### EXERCISE INSTRUCTIONS
Each entry that follows is to be duplicated exactly, without its images.

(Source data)
╭──
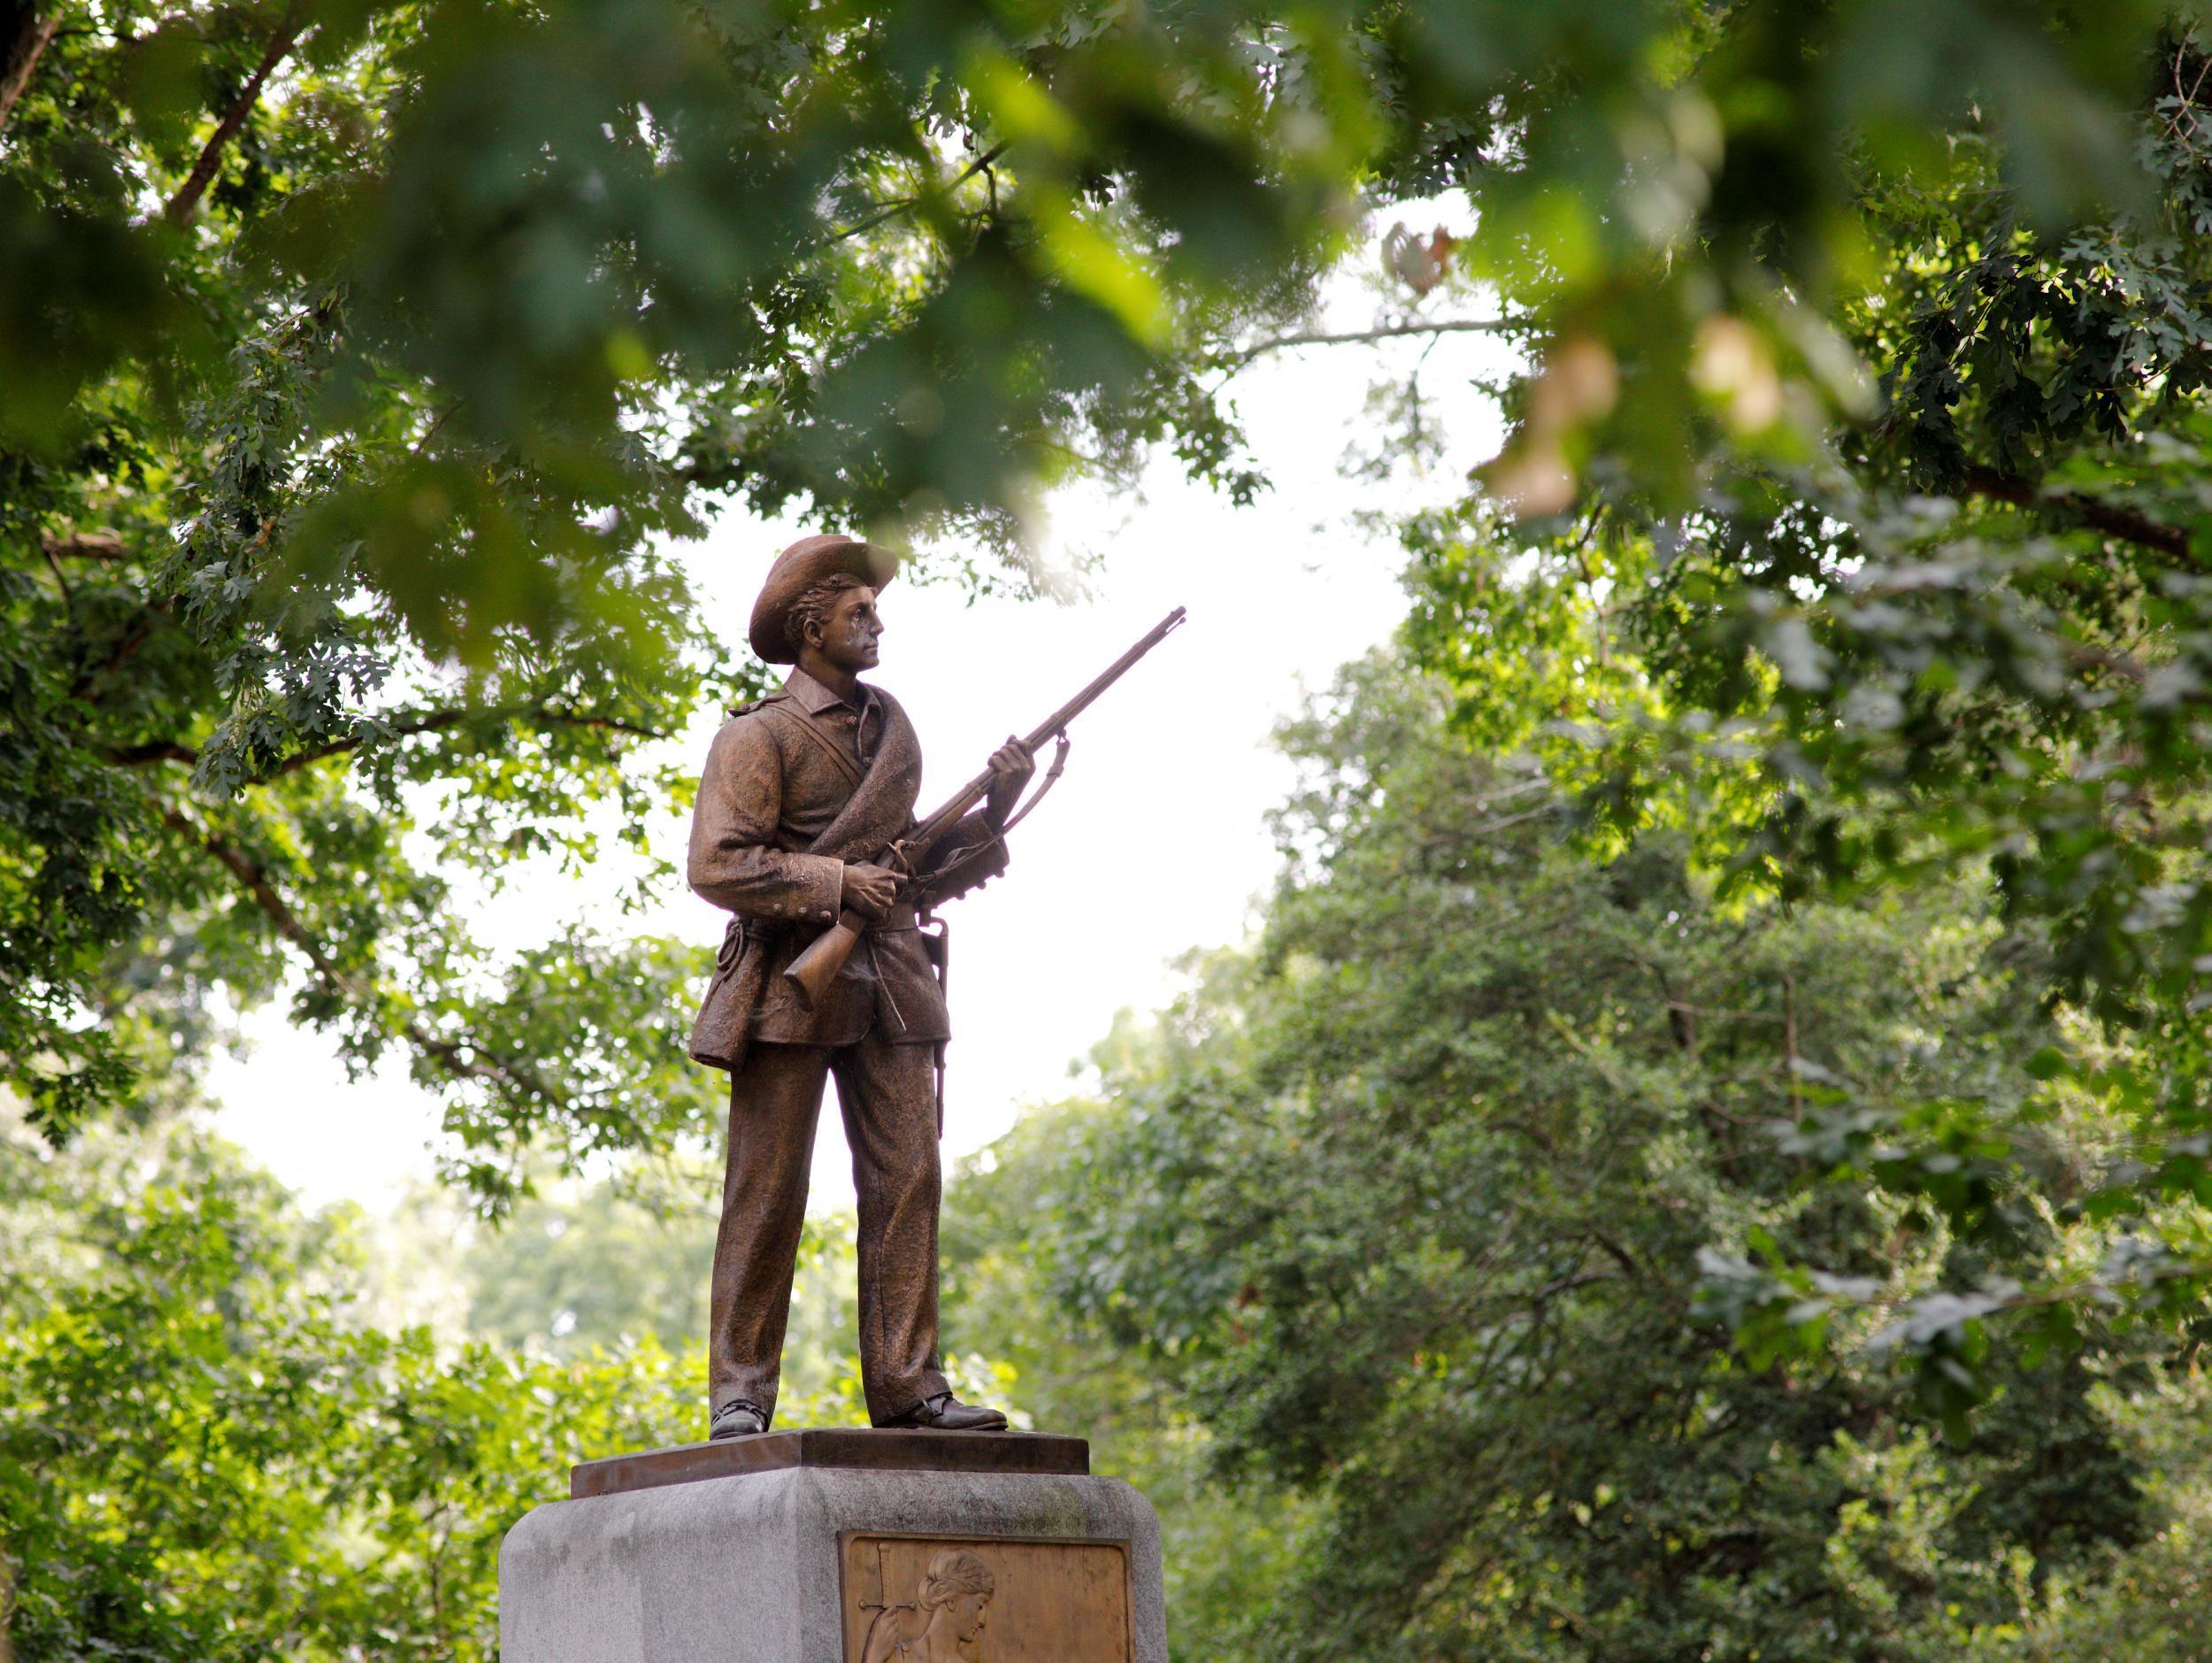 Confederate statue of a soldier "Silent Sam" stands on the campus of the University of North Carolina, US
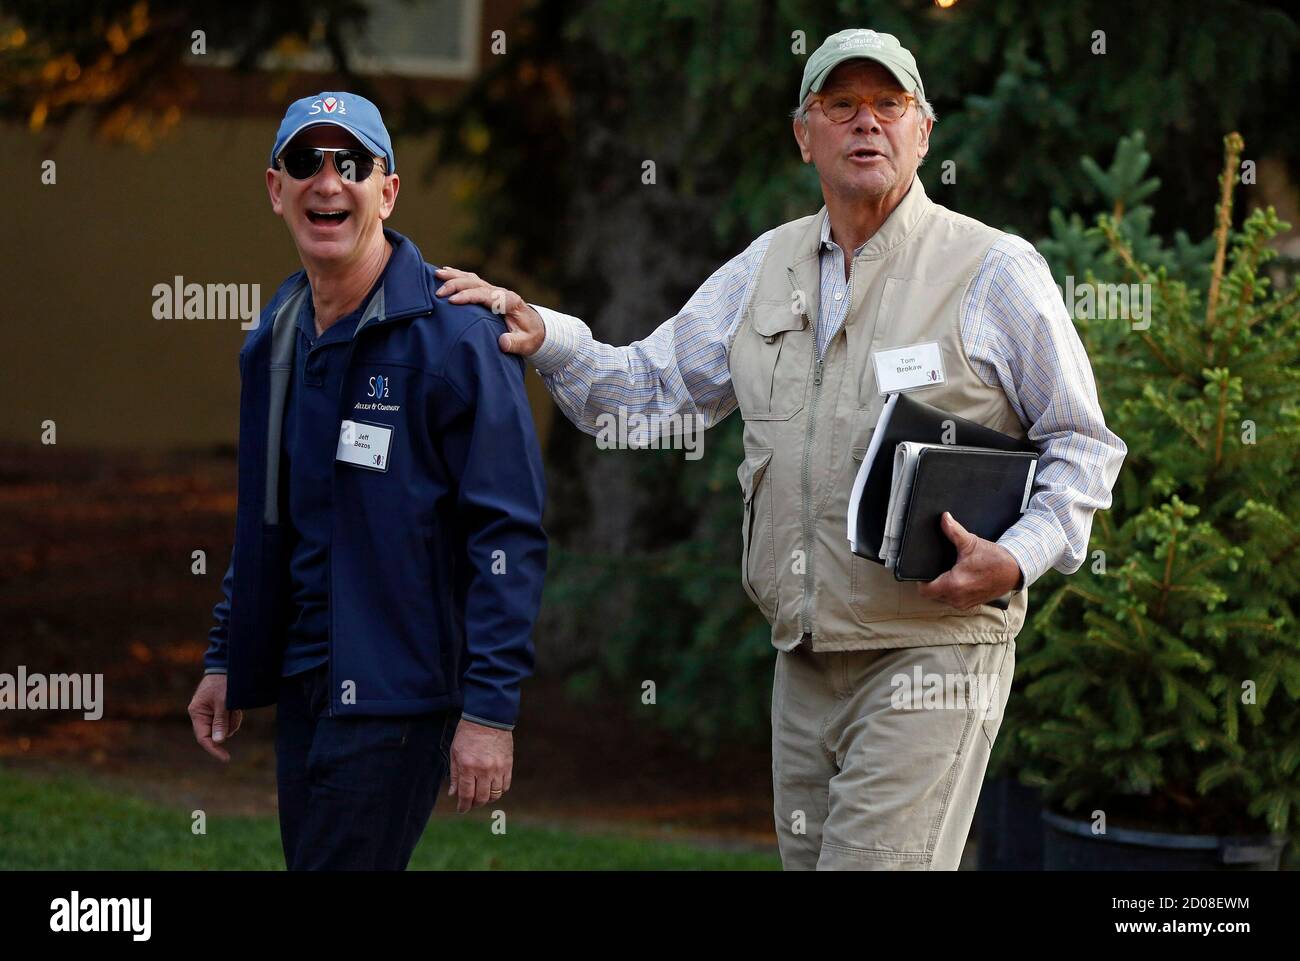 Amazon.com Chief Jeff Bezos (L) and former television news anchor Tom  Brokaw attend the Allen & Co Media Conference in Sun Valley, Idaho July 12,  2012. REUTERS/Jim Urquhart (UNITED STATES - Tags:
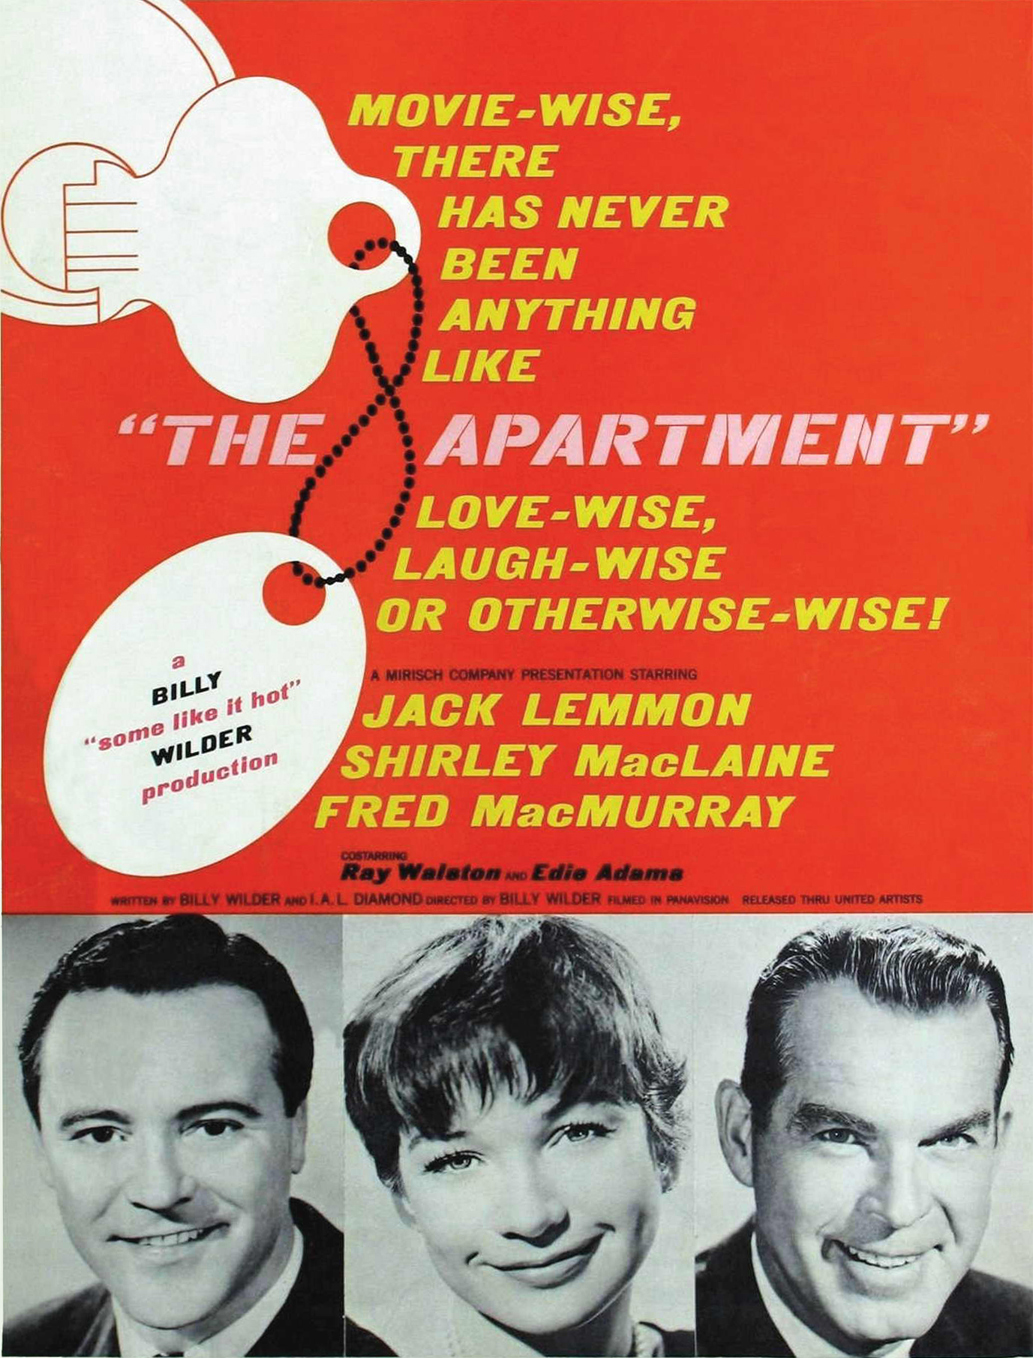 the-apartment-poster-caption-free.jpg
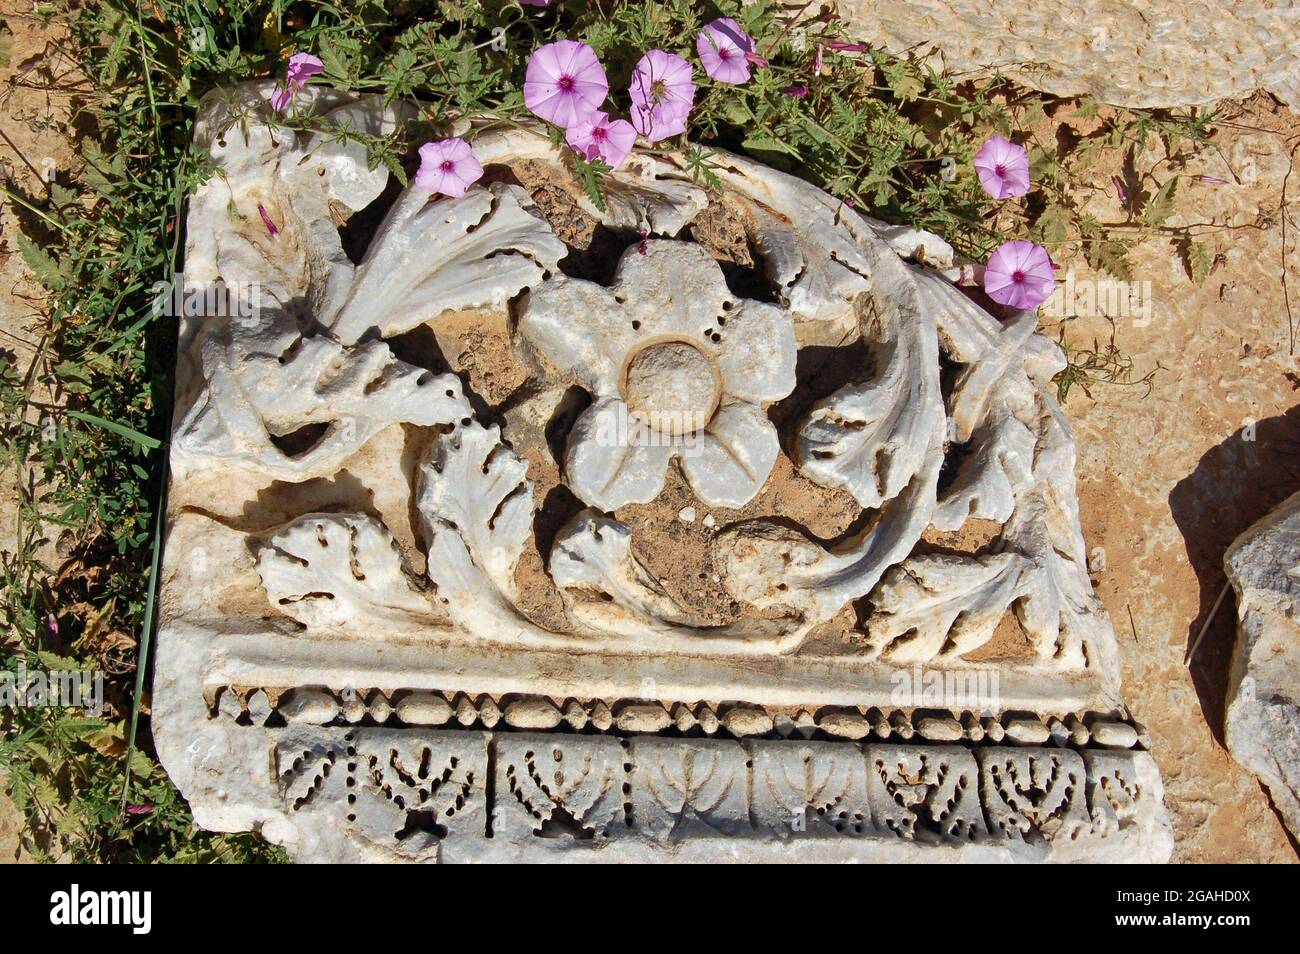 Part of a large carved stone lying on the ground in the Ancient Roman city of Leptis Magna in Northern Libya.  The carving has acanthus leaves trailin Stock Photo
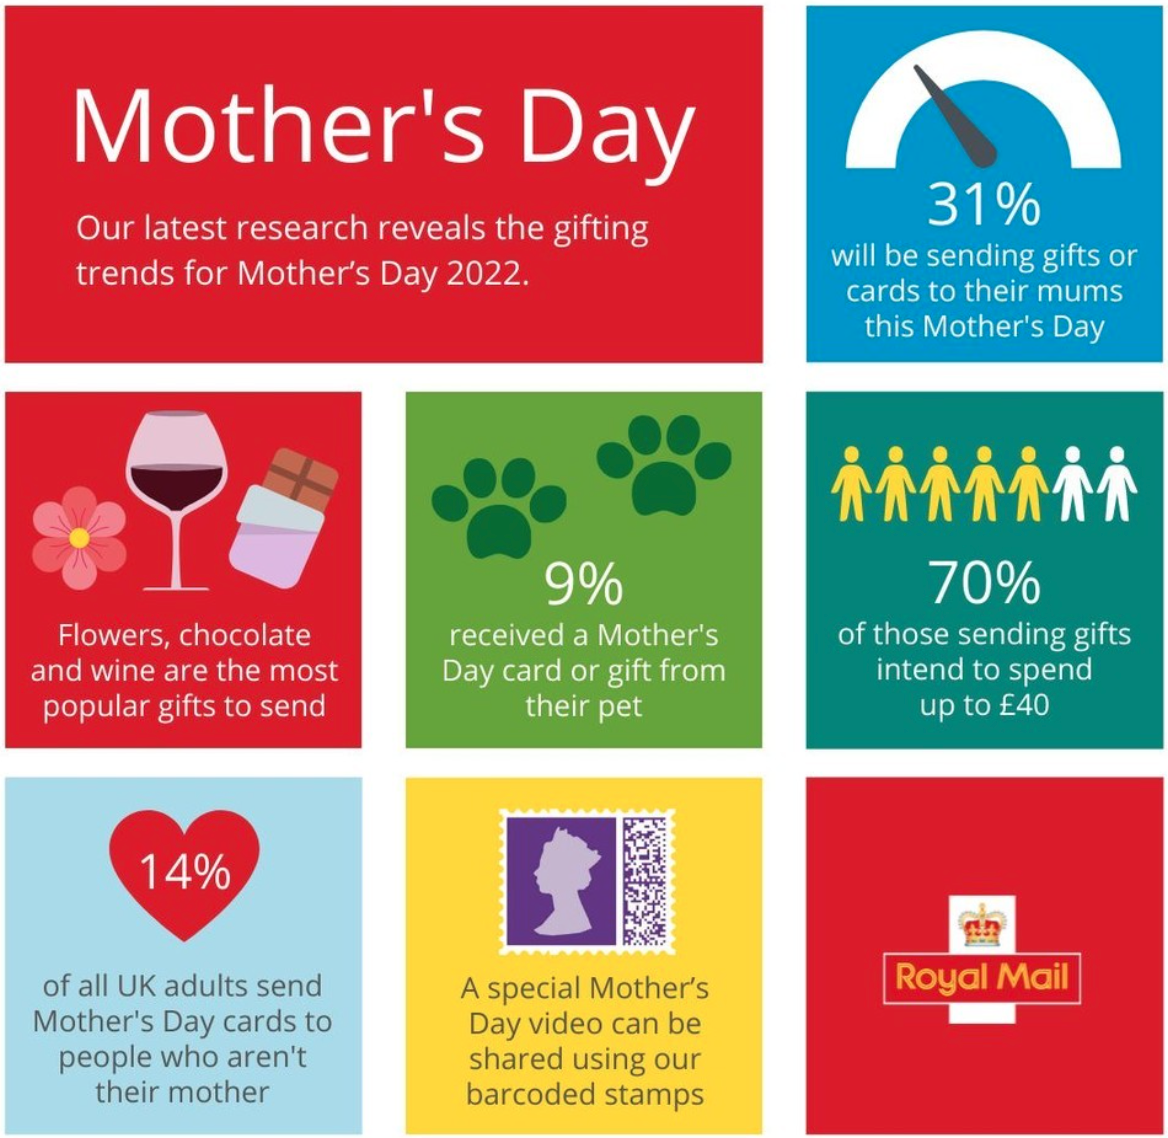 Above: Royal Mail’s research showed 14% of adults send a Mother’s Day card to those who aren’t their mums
╰──
### RESULT
 Confederate statue of a soldier "Silent Sam" stands on the campus of the University of North Carolina, US
 Amazon.com Chief Jeff Bezos (L) and former television news anchor Tom  Brokaw attend the Allen & Co Media Conference in Sun Valley, Idaho July 12,  2012. REUTERS/Jim Urquhart (UNITED STATES - Tags:
 the-apartment-poster-caption-free.jpg
 Part of a large carved stone lying on the ground in the Ancient Roman city of Leptis Magna in Northern Libya.  The carving has acanthus leaves trailin Stock Photo
 Above: Royal Mail’s research showed 14% of adults send a Mother’s Day card to those who aren’t their mums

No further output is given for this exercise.